Data to process »

________

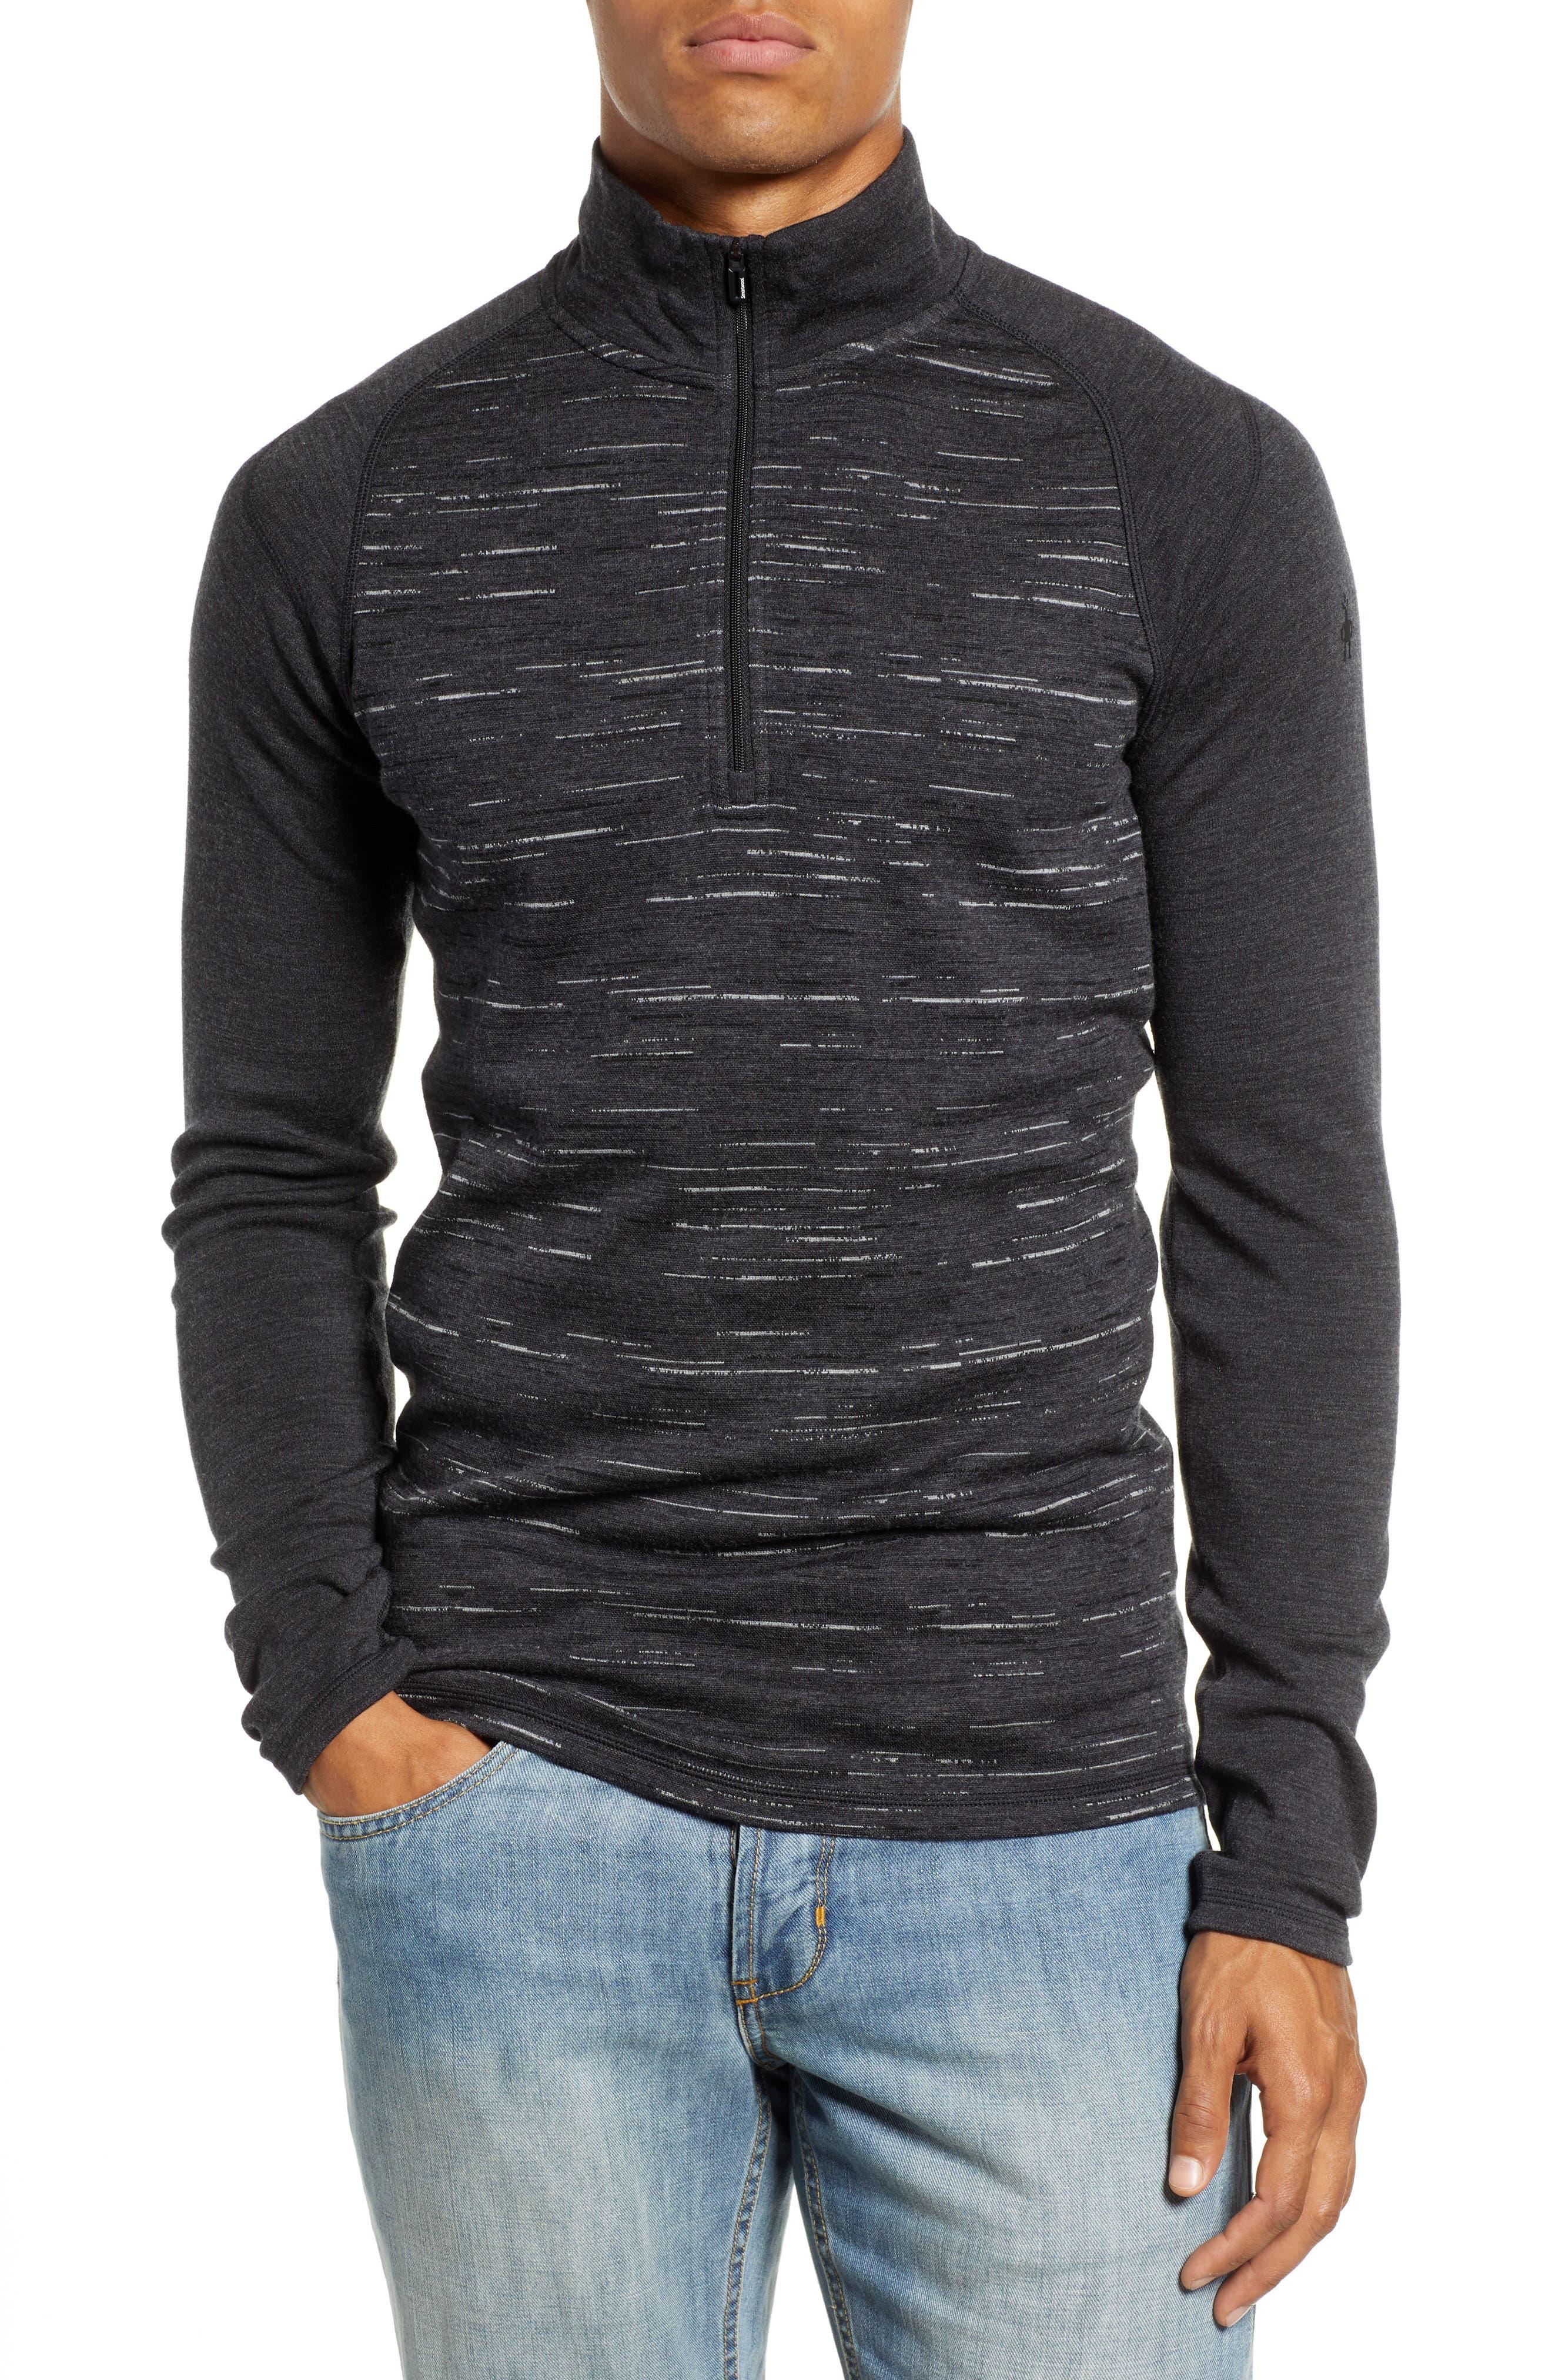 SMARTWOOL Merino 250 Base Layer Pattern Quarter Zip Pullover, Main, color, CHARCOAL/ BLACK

________

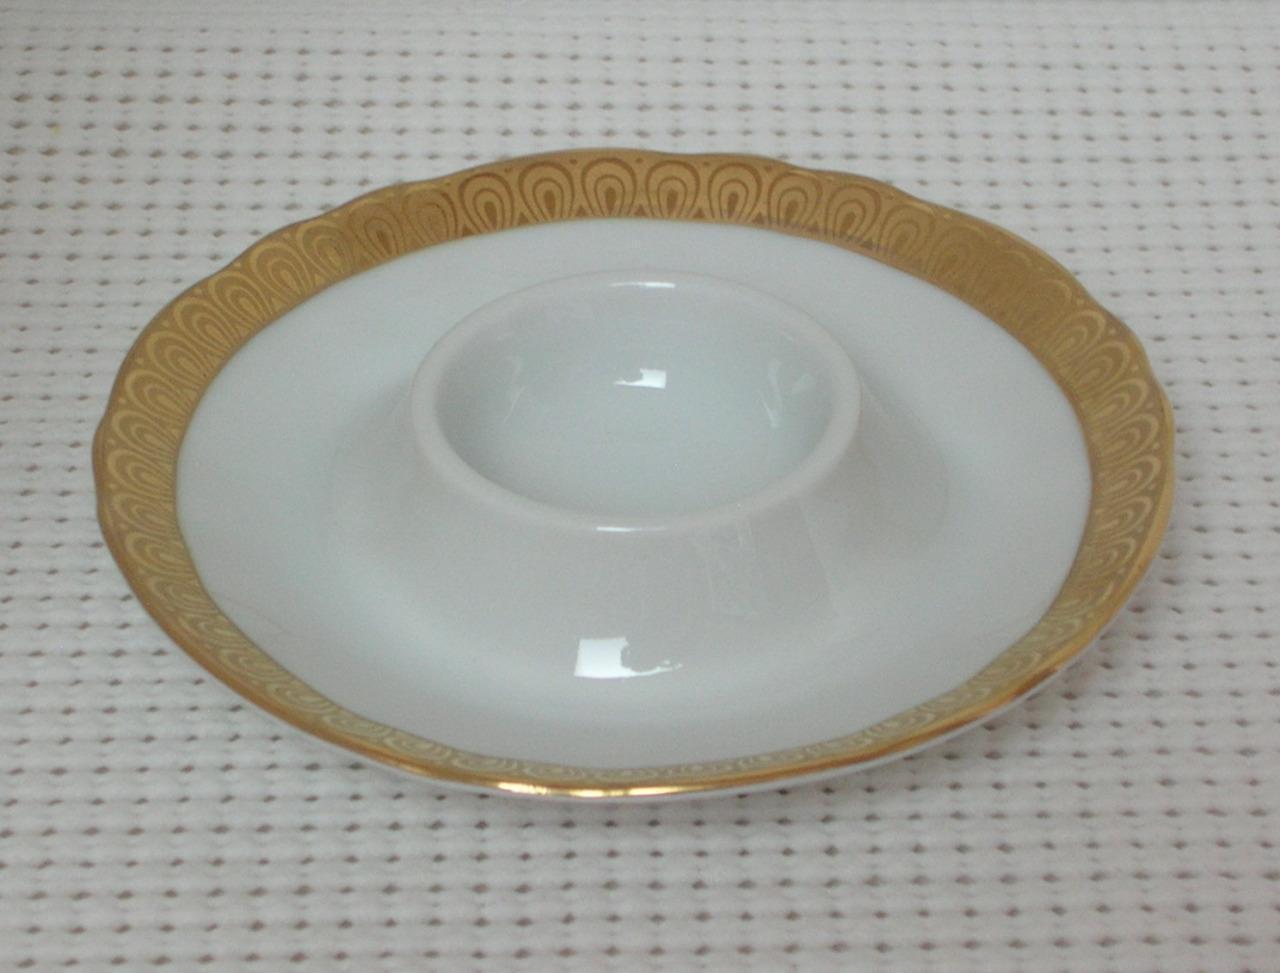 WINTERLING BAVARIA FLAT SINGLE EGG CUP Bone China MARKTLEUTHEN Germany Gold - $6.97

________

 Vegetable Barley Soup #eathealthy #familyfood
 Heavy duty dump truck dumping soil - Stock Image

________

Assignment »
Exactly the lines above from the one with "Vegetable Barley Soup" to the one with "Heavy duty dump", both included, are to be quoted; leave the rest out.

Response to the task »
 Vegetable Barley Soup #eathealthy #familyfood
 Heavy duty dump truck dumping soil - Stock Image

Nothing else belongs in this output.